- The Washington Times - Wednesday, December 18, 2002

NEW YORK (AP) A profit warning from McDonald's discouraged investors yesterday, reminding them of the weak economy and prompting them to unload stocks.
Although there was some good economic news, investors still opted to take profits from a substantial advance in the previous session and from a two-month fall rally. Analysts said some selling was to be expected, given the market's recent gains and the fact that the earnings and economic recoveries investors are hoping for in 2003 aren't yet assured.
The Dow Jones Industrial Average closed down 92.01, or 1.1 percent, at 8,535.39, having jumped 193.69 Monday.
The broader market also retreated. The Nasdaq Composite Index fell 8.29, or 0.6 percent, to 1,392.04. The Standard & Poor's 500 index declined 7.41, or 0.8 percent, to 902.99.
"We had a big run-up yesterday, and the basis for that is not really clear," said Ed Peters, chief investment officer at PanAgora Asset Management in Boston. "McDonald's could have a negative impact. And things in the Middle East continue to sound worrisome, and that has some impact."

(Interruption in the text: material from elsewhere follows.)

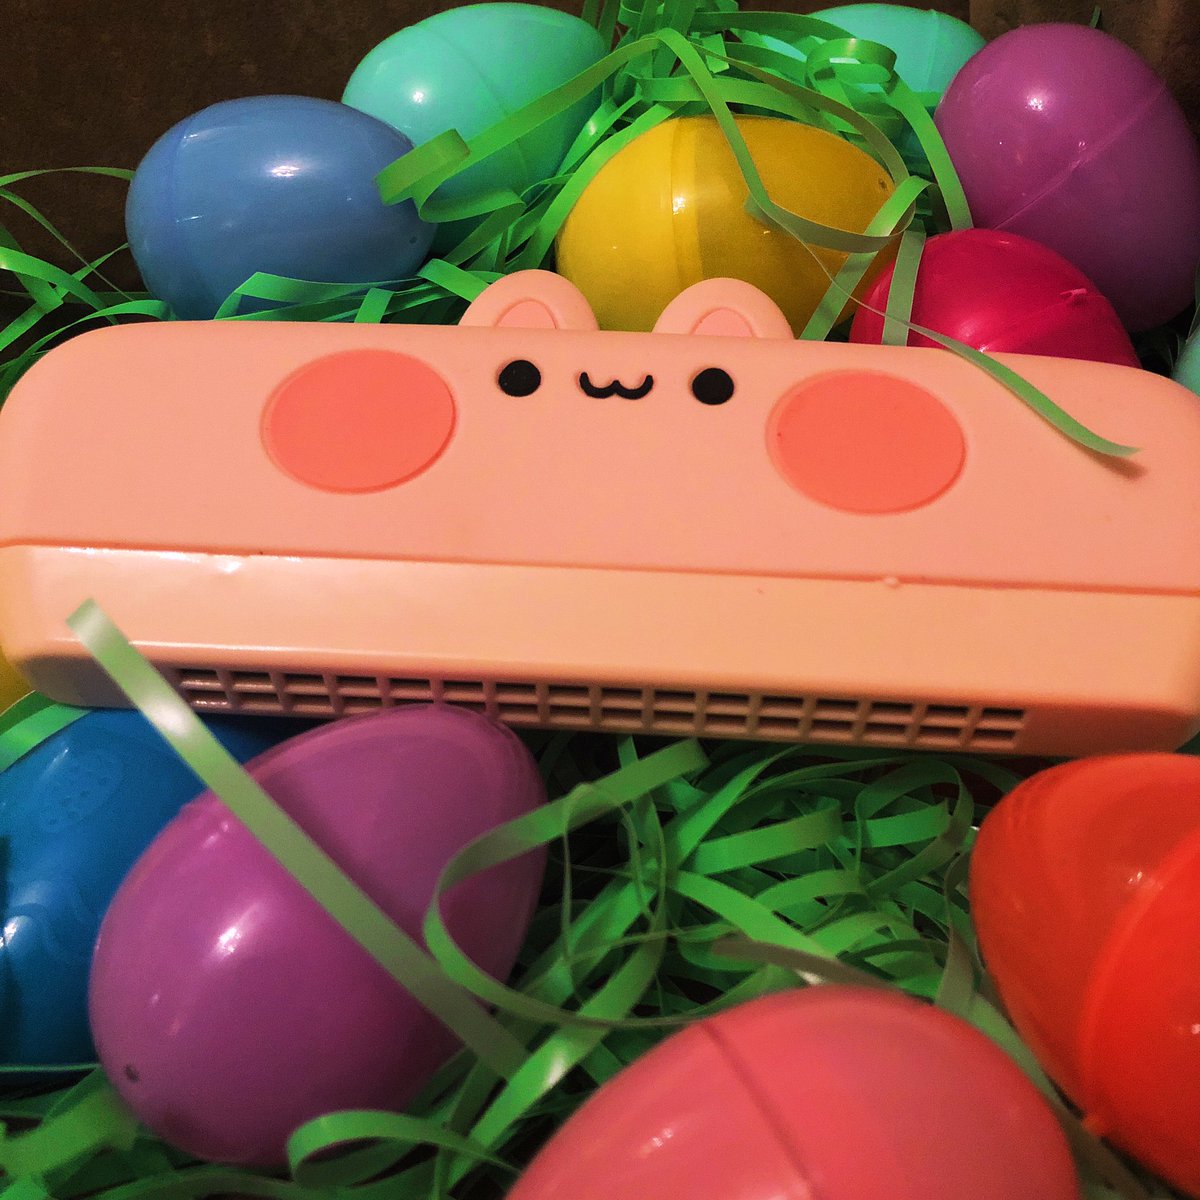 Happy Easter from the Garden State Harmonica Club! Join us at our next in-person meeting on Monday, April 8, 2024 in Glen Rock, NJ. 
#harmonica #harmonicaplayer #harmonicablues #harmonicas #bluesharmonica #harmonicaclub #gardenstateharmonicaclub #newjersey #easter

Yesterday's batch of economic news was rather positive. The Federal Reserve reported that industrial production rose 0.1 percent in November, bouncing off a 0.6 percent drop in October and matching Wall Street's expectations.
In another report, the Labor Department said consumer prices edged up 0.1 percent in November, the smallest gain since July and better than analysts had expected.